**INSTRUCTIONS TO FOLLOW**
Print the listing below again, exactly. Skip the pictures.

**DATA BELOW**

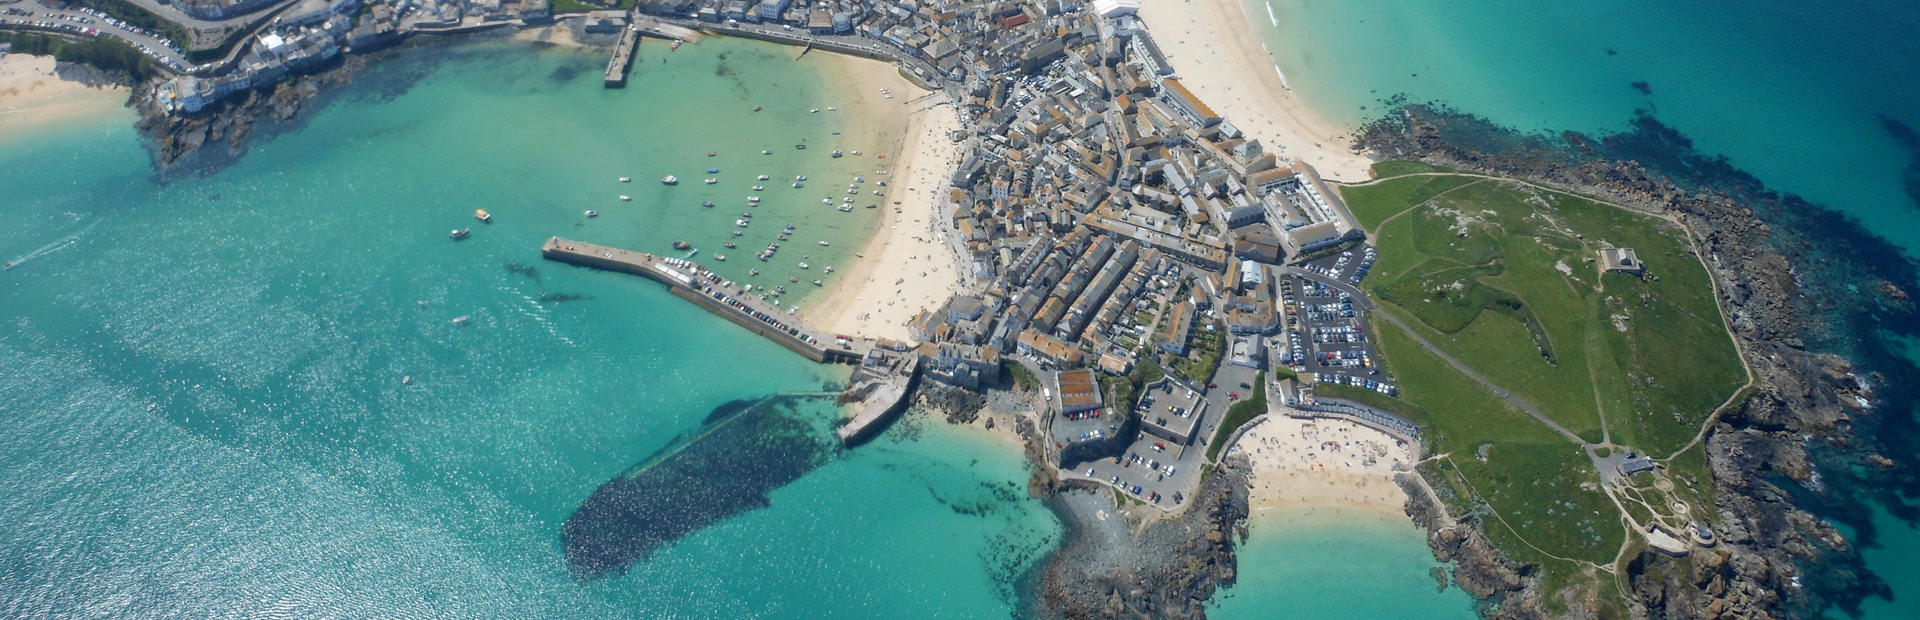 St Ives Bay and Harbour from the air
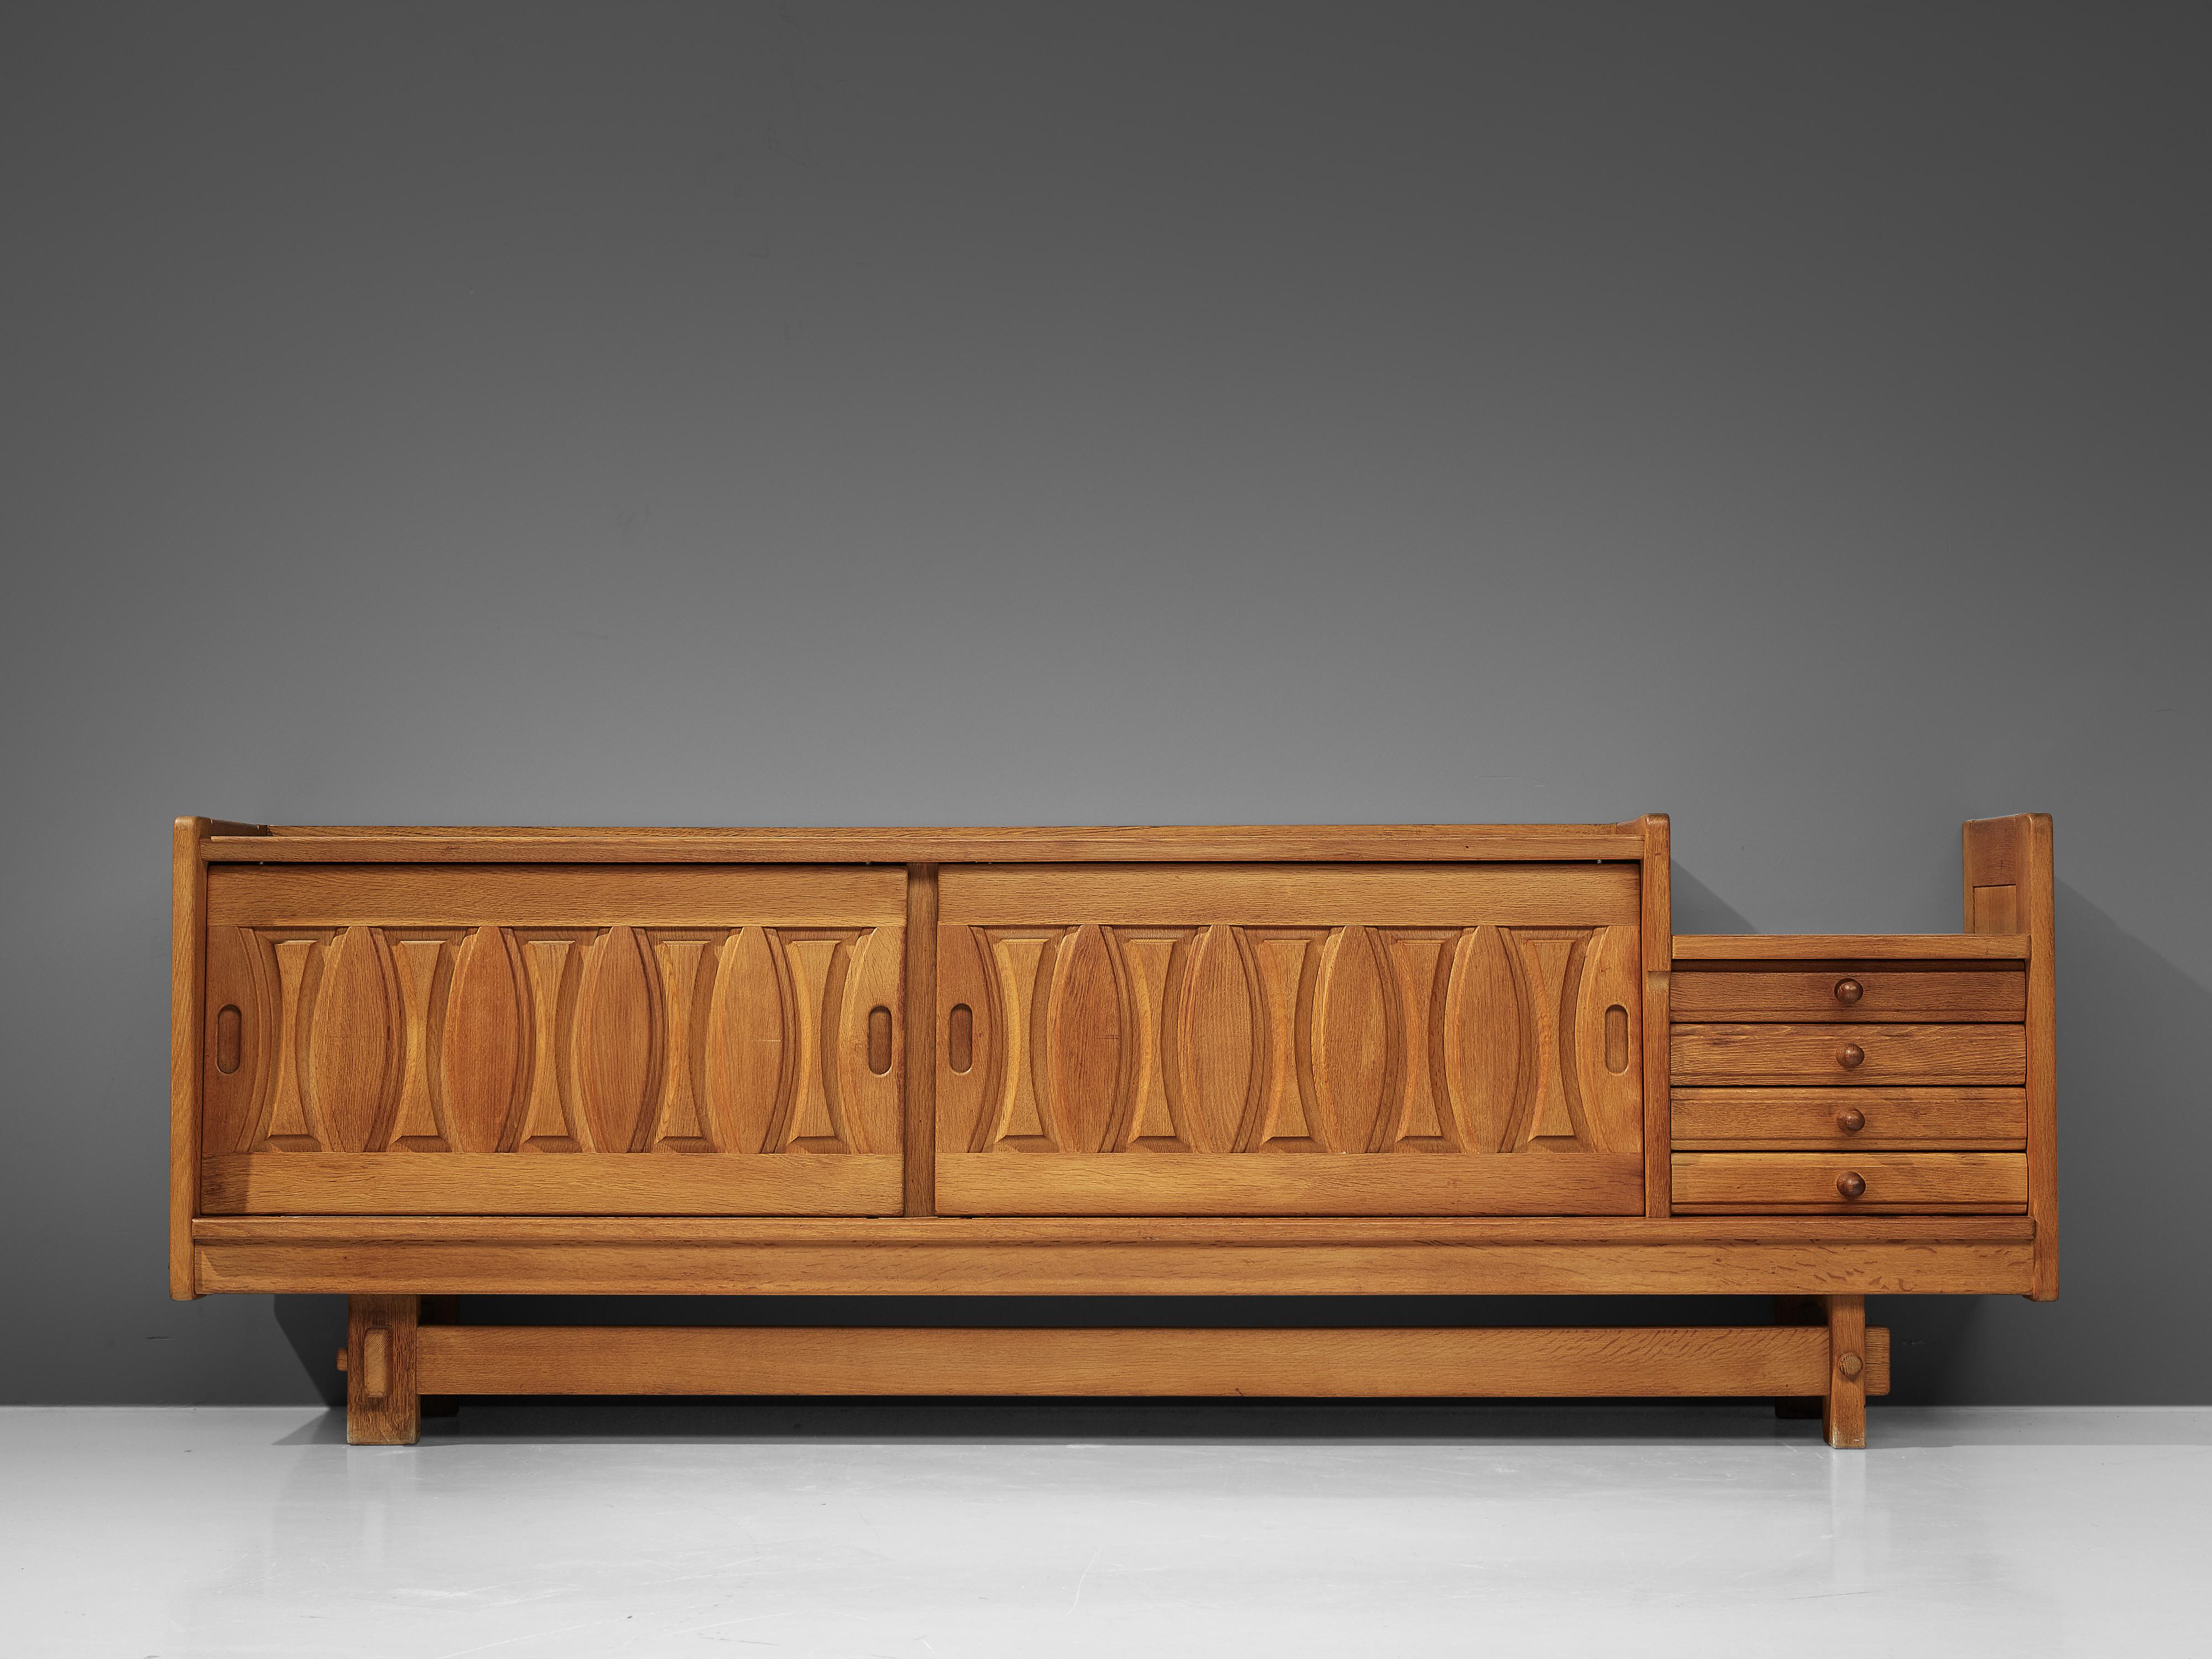 Guillerme et Chambron, sideboard, oak, ceramics, France, 1960s

Credenza in oak by French designers Guillerme & Chambron. This sideboard is equipped with two sliding doors and a set of drawers. The front of the sideboard is beautifully detailed with

**RESPONSE AREA**
 St Ives Bay and Harbour from the air
 Guillerme et Chambron, sideboard, oak, ceramics, France, 1960s

Credenza in oak by French designers Guillerme & Chambron. This sideboard is equipped with two sliding doors and a set of drawers. The front of the sideboard is beautifully detailed with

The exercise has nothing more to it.